Yahoo, 2017’deki satın alma görüşmeleri sırasında bu bilgiyi Verizon’dan sakladı ve bu bilgi ortaya çıktığında, anlaşma değerlemesi önemli ölçüde azaldı. Ve CEO kullanıcılardan şifrelerini sıfırlamalarını istemeyi reddetti, diğer e-posta hizmetlerine gideceklerinden korktukları için. Bütün bunlar yüzbinlerce insanı tehdit eden tehditlere rağmen ABD hükümeti ve askeri personel.
Bu tür ahlaksız gözetimler için, SEC, Yahoo’ya 35 milyon dolar ceza kesti.

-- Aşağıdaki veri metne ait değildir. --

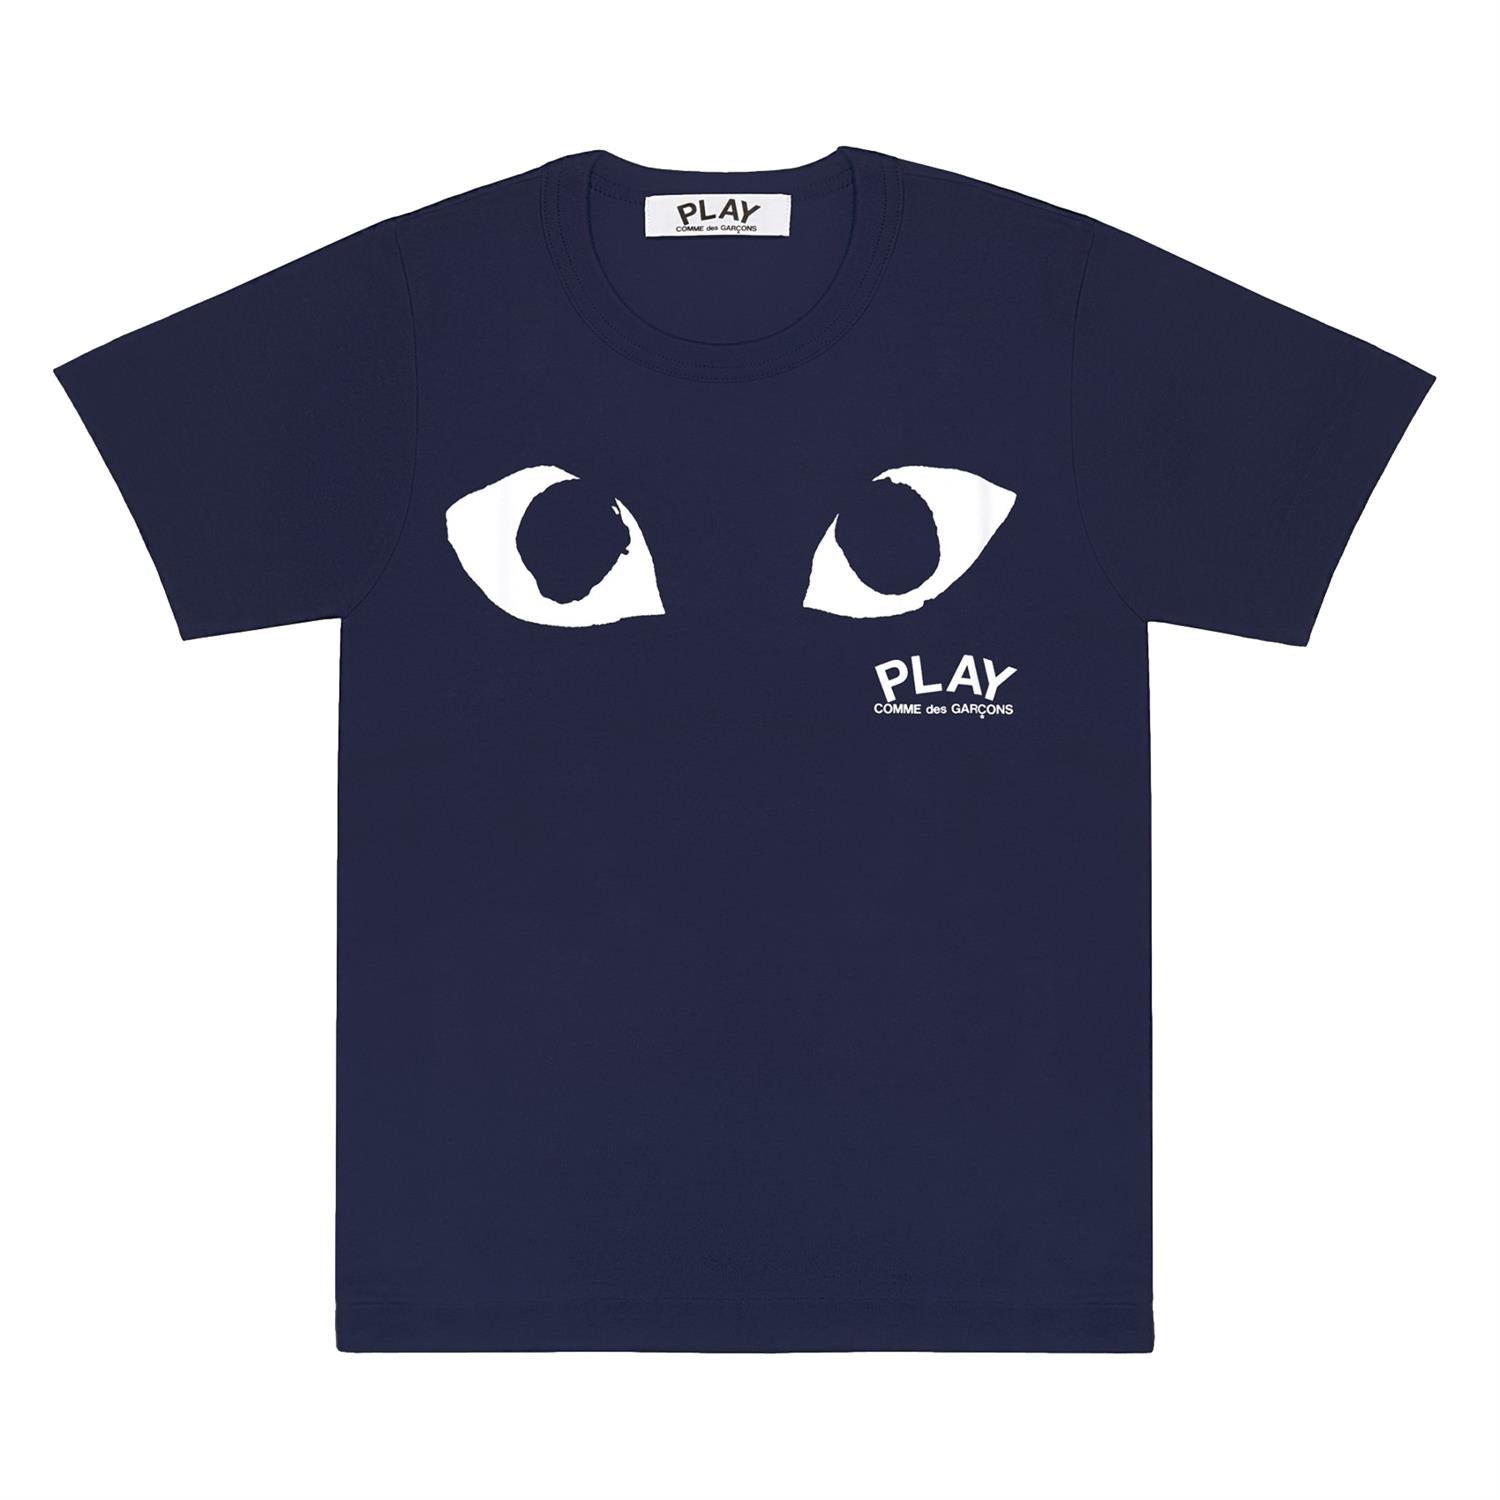 Comme des Garcons Play T-Shirt Men's Big Eyes T-shirt Navy - [modostore.no]

Yawn, bu meblağın nispeten önemsiz olmasına rağmen bunun bir açıklama olduğunu söylüyor. “SEC’in, ihlali yeterince açıklamadığı için Yahoo’ya karşı açtığı dava bir dönüm noktasıydı. Siber olaylar sırasında şeffaflığın ve paydaşlarla iletişimin öneminin altını çizdi” diye vurguluyor.
Günümüzde SEC, şirketlerin bu tür ihlalleri açıklamasını zorunlu kılıyor keşiften sonraki dört gün içinde. Yawn, “SEC’in son eylemleri ve düzenleyici gelişmeler, siber güvenliği teknik bir sorundan, ihmal nedeniyle gerçek sonuçları olan yönetim kurulu düzeyinde bir endişeye yükseltiyor” diyor. “Dolayısıyla, bazı ayrıntılar eskimiş olsa da, Yahoo ihlallerinin mirası varlığını sürdürüyor ve siber güvenliğin kurumsal yönetimdeki ayrılmaz rolünü vurguluyor.”